Currently, the entire prediction system suffers from two main problems, latency and data quality.
From the Time/Latency dimension, it takes 4-6 days from the time the data was logged until the newly trained model is refreshed in the prediction system (shown in Figure 3 below). The slow turnaround time to refresh the model is hurting the user experience.
This latency is rooted in several components:
Why does a stale model hurt though? This might be intuitive: Twitter is well known for its ever-changing environment -- user behaviors evolve quickly; trends are dynamic and inconstant; special and emergent events occur unexpectedly at any time. A stale model that is trained from old data, even a couple of days old, can be irrelevant. The freshness of the model is especially vital to a responsive, adaptive and successful prediction system that eventually leads to user satisfaction.
Table 1 also provides some practical evidence: Each column in Table 1 indicates the model performance on day T if we were to use the model that was trained on T-1 (i.e., one day ago), T-2 (i.e., two days ago), T-3 and T-4 for the prediction respectively.
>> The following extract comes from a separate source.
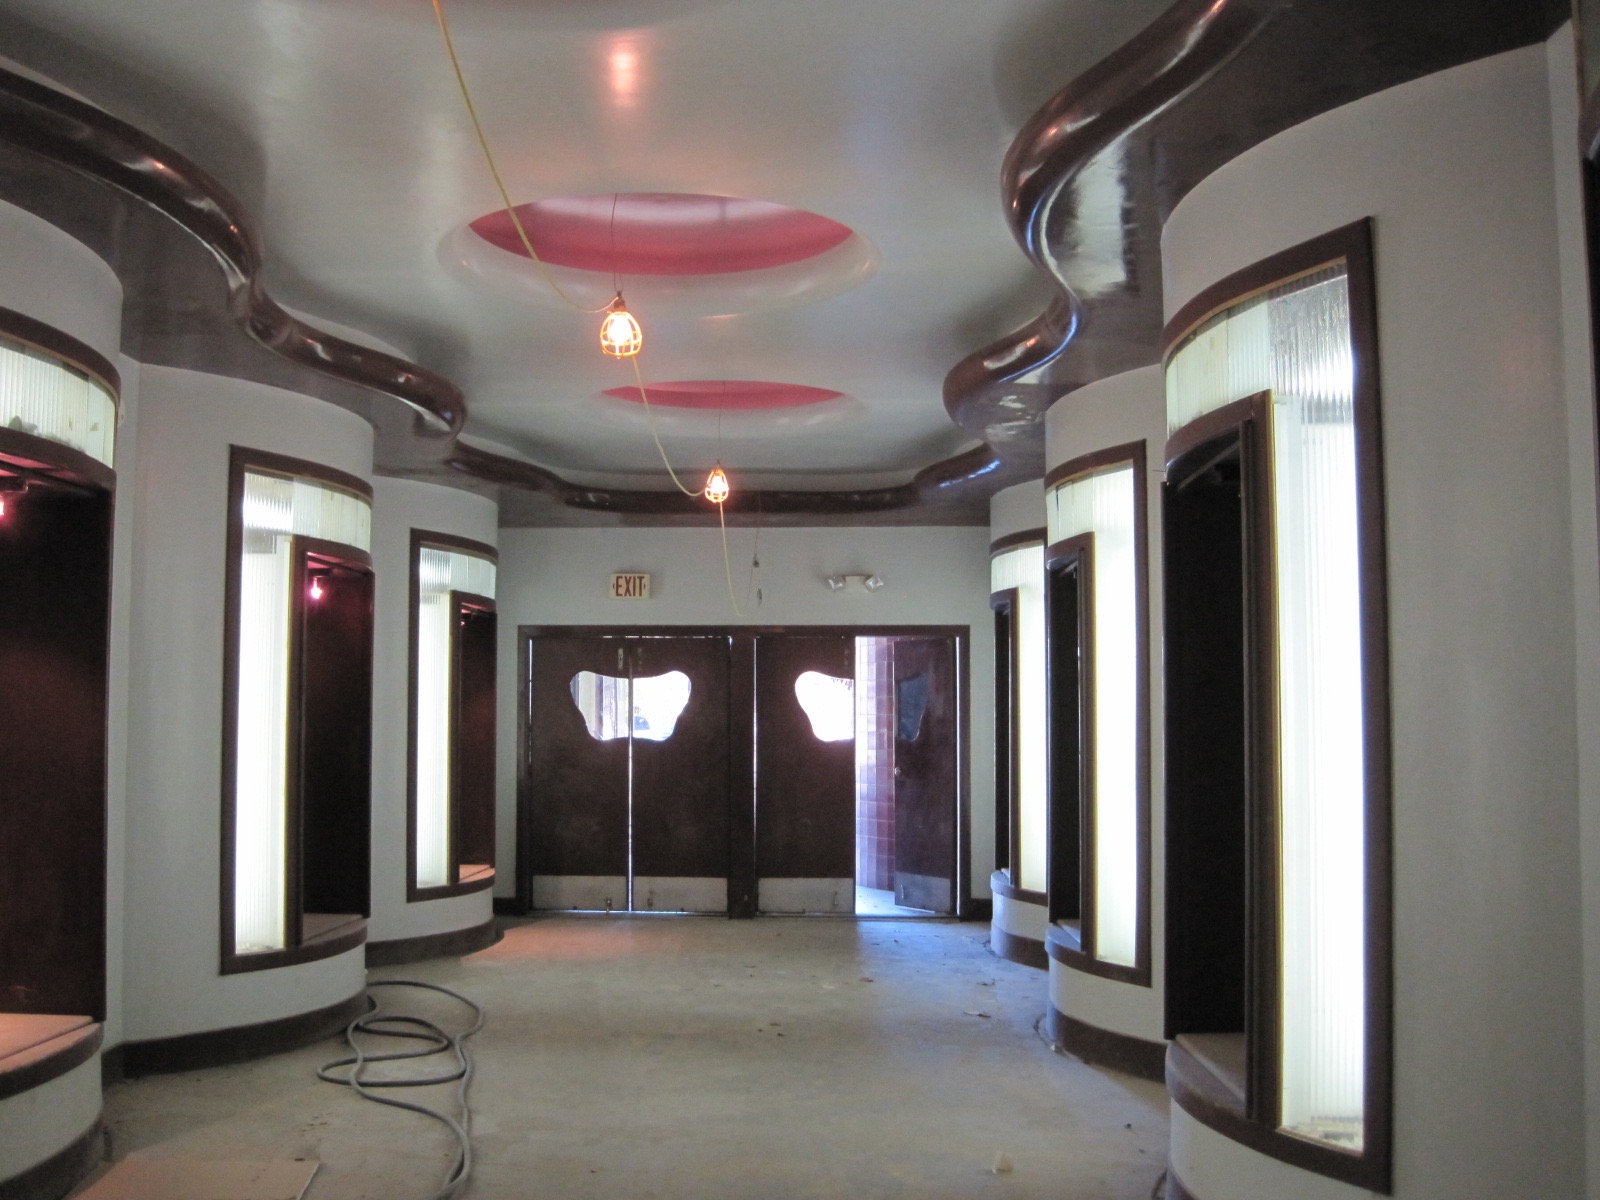 Arcadia's Art Deco lobby

We can see that if we could update the model in a more timely fashion, we will be able to make a considerable gain of prediction model performance.
T-4 |
T-3 |
T-2 |
T-1 |
|
RCE (Relative Cross Entropy) |
38.81 |
38.82 |
38.84 |
39.12 |
From the Data Quality dimension, there are two sub-issues, data collection and join windows.
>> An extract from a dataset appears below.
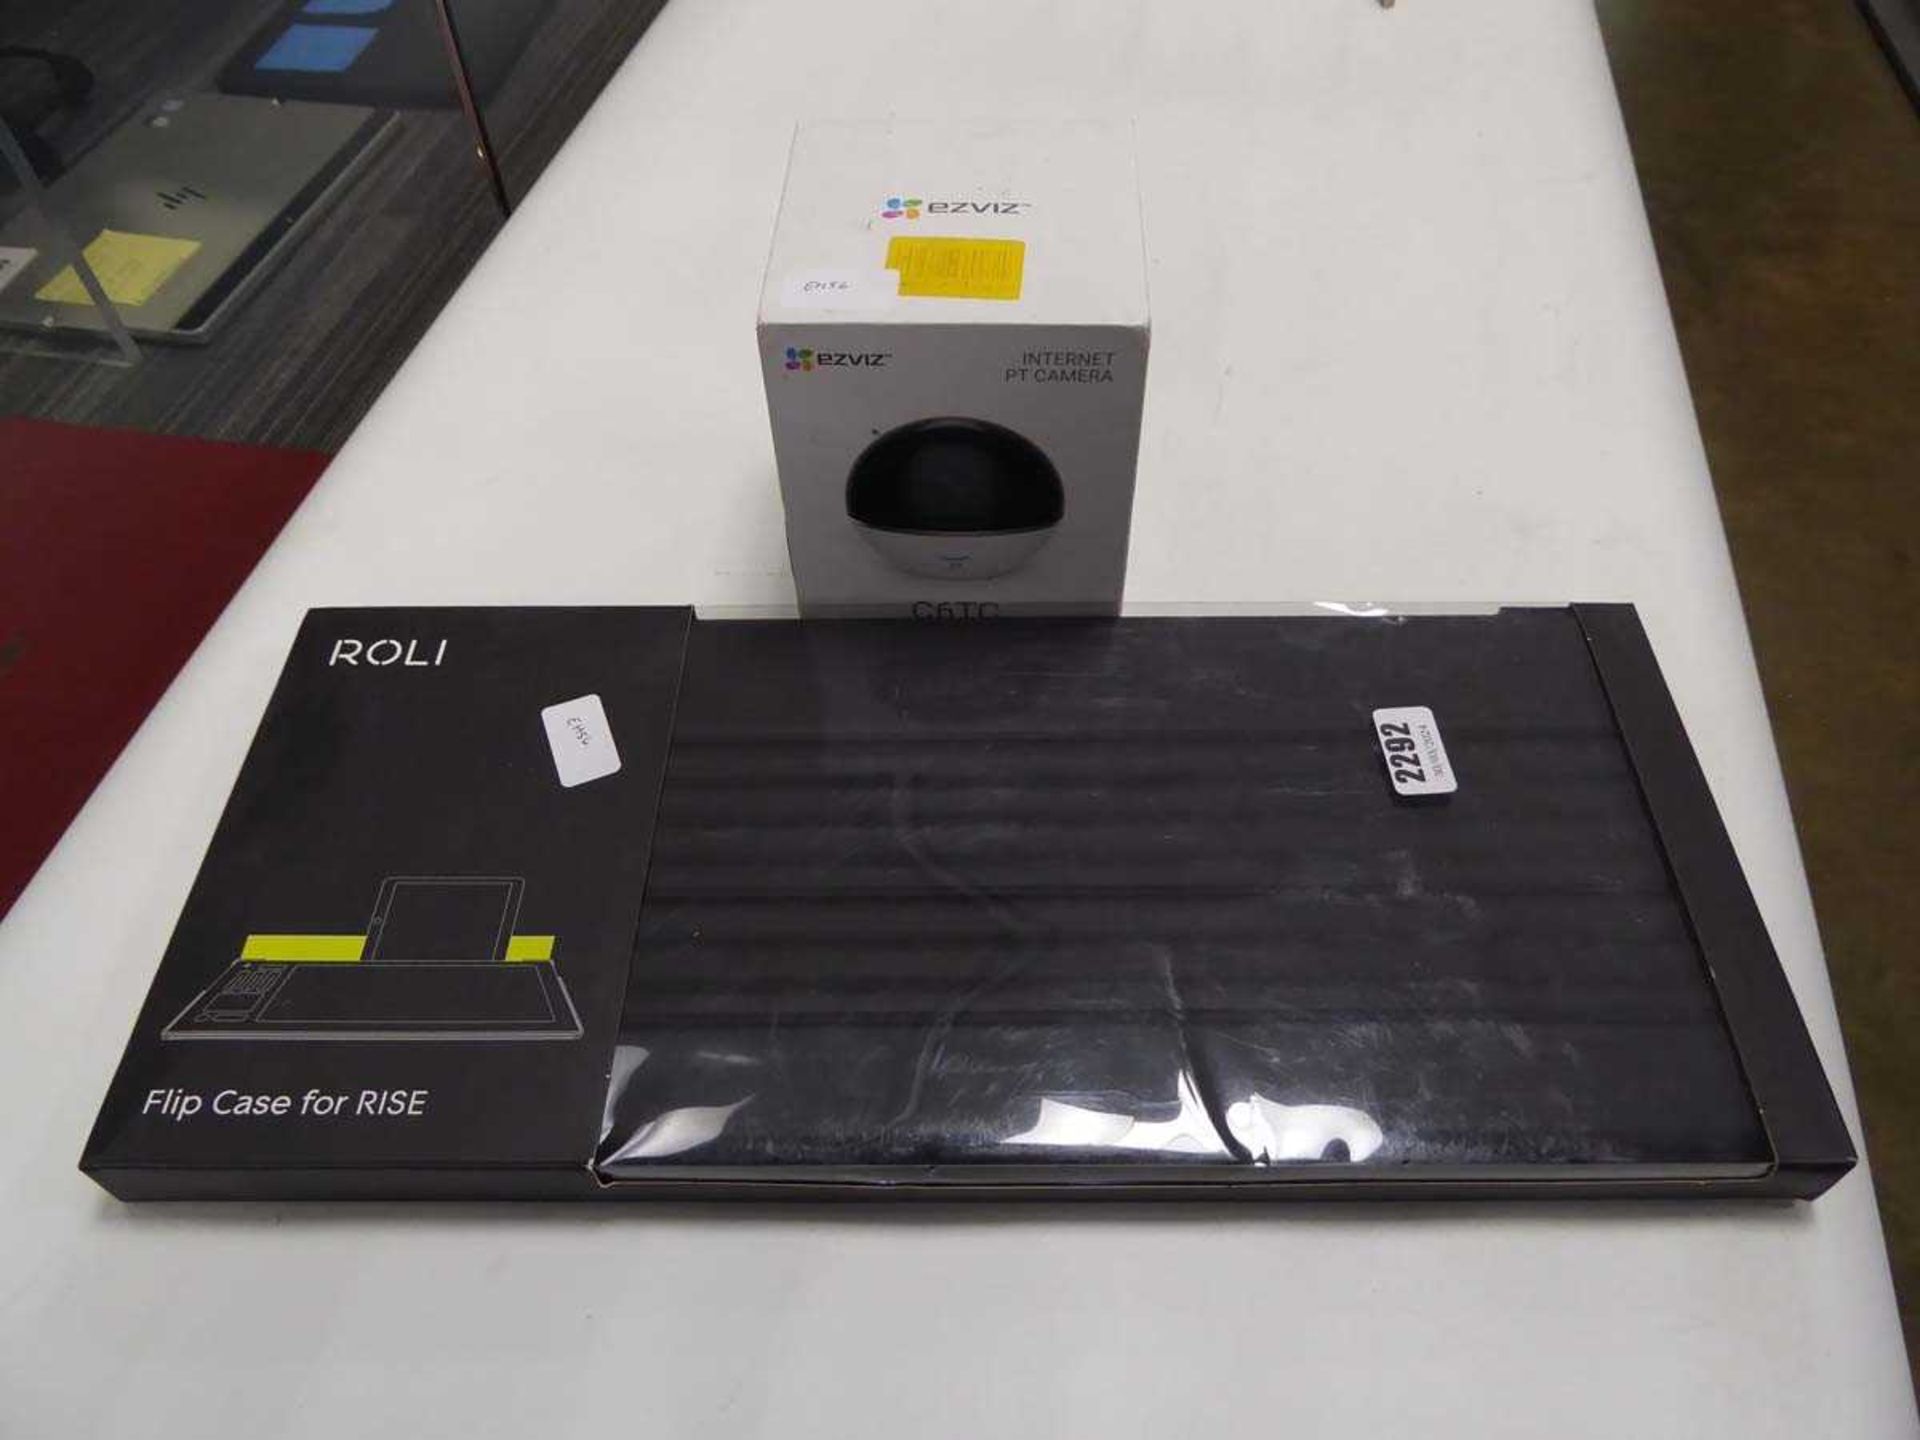 Ezviz C6TC internet PT camera and flip case for Rise

There are discrepancies between the data logged and the data actually used for prediction. Only partial data is directly logged by the existing pipeline since the complete raw data is too huge. Some large feature groups are reproduced offline and are joined with the directly logged features. As a unfortunate result, there is a lot of room for errors during the join which are extremely difficult to debug (this is what Google’s paper called “pipeline jungles”).
The main logic during training data collection is joining the Tweet features with their engagement labels. Ideally, for each served Tweet the data collecting system waits for user engagements for some time and decides whether a Tweet is a positive example or a negative example. The waiting time is called the join window.
There are typically two types of join windows, namely Tumbling Windows and Sliding Windows (see Figure 4). A tumbling window aligns to the epoch and it introduces an uneven join window phenomenon: the first half of the data has a longer joining window than the second half of the data (see Figure 5 for an illustration). Our existing system uses a tumbling window but what we really need is a sliding window that is created for each record.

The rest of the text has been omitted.